A small parasite, one found primarily in cat feces, enters your blood stream and makes its way ’round. No major damage, should you have an excellent immune system. But to those who don’t, toxoplasmosis can mean swollen glands, encephalitis, schizophrenia, or, worst of all, Cat Lady Conundrum.

Czechoslovakian scientist Jaroslav Flegr, the foremost researcher into whether or not a mere proximity to cats can cause sad lady-itis, believes toxoplasmosis may be domesticated cats’ way of convincing the human brain that it wants to be eaten by cats. Passive aggressive? Absolutely. Cats are dicks. And they have a plan.

It’s our own fault for domesticating them. We turned wild beasts into mere mousers, and expected them to take it lying down. They did. But cats do not play checkers. Cats play chess. And the long game goes on.

History’s first known victim is a 9,500 year old Neolithic corpse found buried in Cyprus with an eight month old cat. Neolithic cat lady, let’s call her Angie, was perhaps one of the first humans to roll with a domesticated cat. Angie’s flesh has disappeared for the most part, making it difficult for archaeologists to know conclusively what killed her. What we do know is that Angie died alone in her cave. As she kept to herself for the most part, her body was not found for days, leaving plenty of time for her newly domesticated cat to feed upon her. And choke.
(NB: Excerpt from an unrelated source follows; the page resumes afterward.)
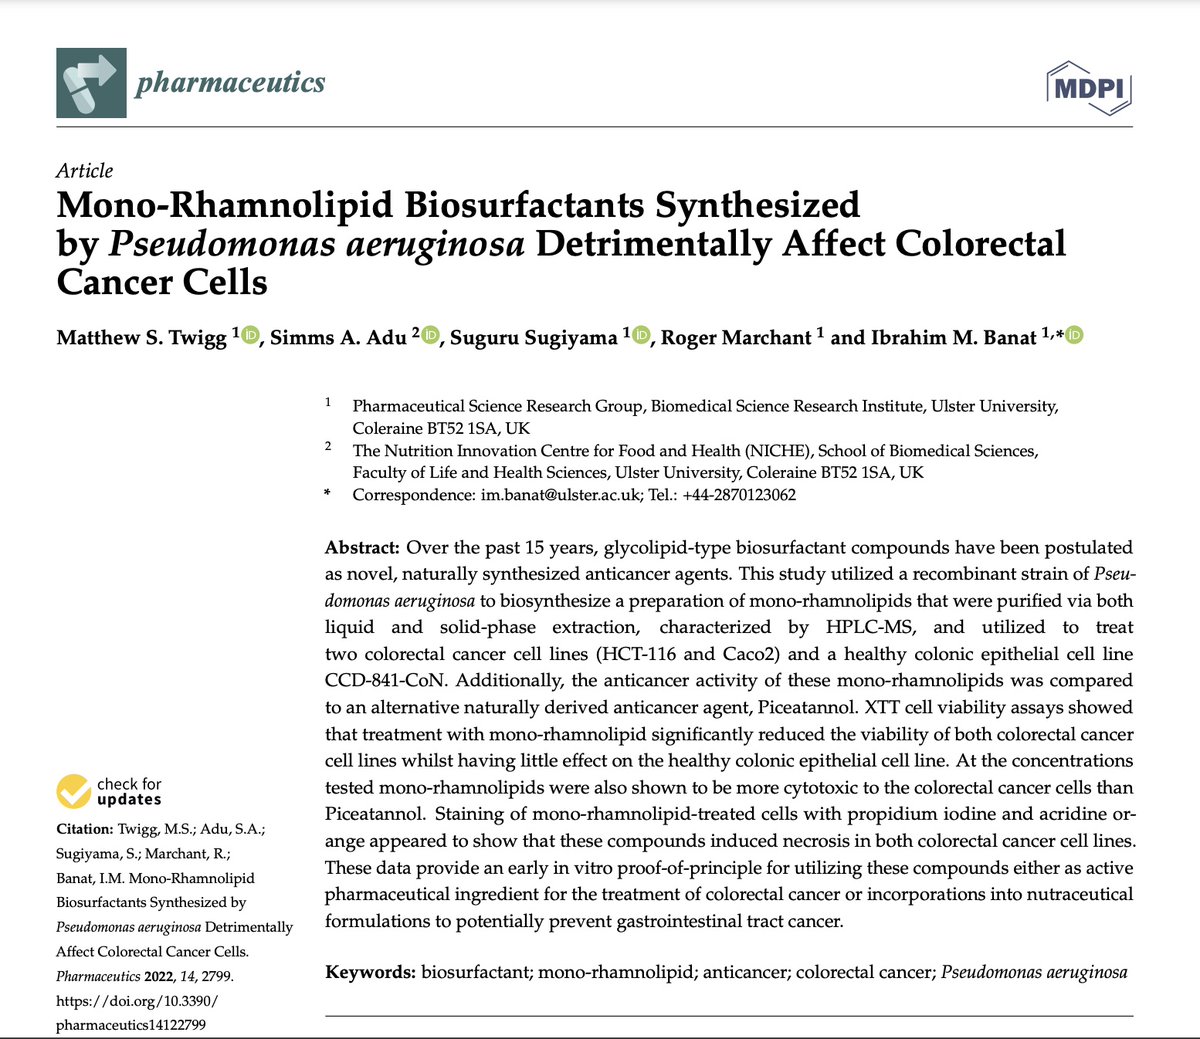 Our latest publication on anticancer effects of #rhamnolipid #biosurfactants on colorectal cancer cells Link to access article 👇👇 mdpi.com/1999-4923/14/1… #rhamnolipids #biosurfactants #colorectal_cancer #anticancer #sunstainability #chemotherapy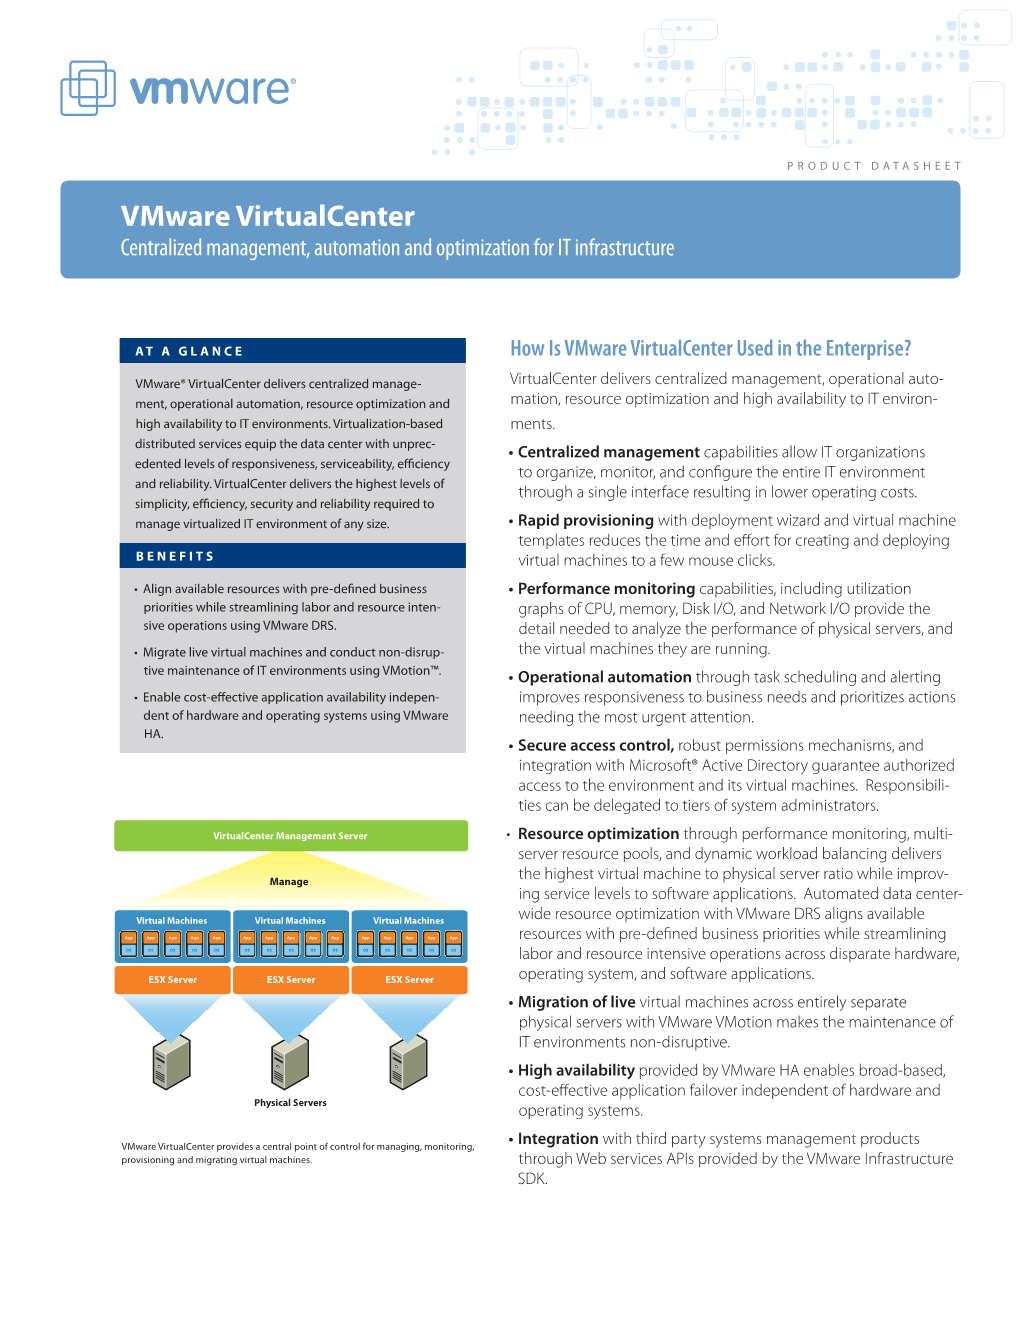 Vmware Virtualcenter Centralized Management, Automation and Optimization for IT Infrastructure

Gertrude of Nivelles was a medieval nun, who later became the Catholic patron saint of cats. At the age of ten she declared that she would marry no one except her Lord Jesus Christ (which is God-speak for being forever alone). Gertrude was already displaying signs of Cat Lady Conundrum, having attended several dinners wearing three day old pajamas, serving her kitten diet Coke from a teacup and ham straight from the plastic wrap. By the will of God, she was later devoured by cats.

During the middle ages, we humans began to sense the threat that cats posed to future generations. We began the mass extermination of cats, throwing them off roofs or burning them alive as witches’ familiars. While this was an excellent impulse, the sudden cat decrease allowed the rat population to run rampant, and the Black Death wiped out half of Europe. However, almost no one during this time was eaten by a cat. For a moment, we held toxoplasbastard at bay.

The next great cat lady on record is Joan of Arc. During her crusades in France she was accompanied by four tomcats. She’d found them in a Paris alleyway, smoking black cigarettes and looking so cool. After adopting Jean, Paul, Georges, et Ringo, Joan began hearing divine voices and bells ordering her to free France from the English. She was burned at the stake for her efforts, her four tomcat sentinels sitting coyly below and relishing the thought of a cooked meal. It’s said that Joan’s heart would not burn. But it was sure as hell devoured by four tomcats.

There have been more. Marie Antoinette. Mary Todd Lincoln. Marilyn Monroe.

Marlene Danielle, a dancer, performed in the entire eighteen year Broadway run of CATS. Her career was devoured by cats.

But who would suspect a conspiracy so insidious, or ridiculous? And therein lies its brilliance. And when poor, sad, beige Jennifer Anniston is found with chunks bitten out of her sinewy upper arms, two Siamese queens curled atop her corpse, bearing collars that read “Ghost” and “Darkness”, no one will think twice. Except, perhaps, for a policewoman on the scene. Let’s call her Angie. Even weeks later Angie’s brain will warm, and itch, and she will delight that she took those poor cats home.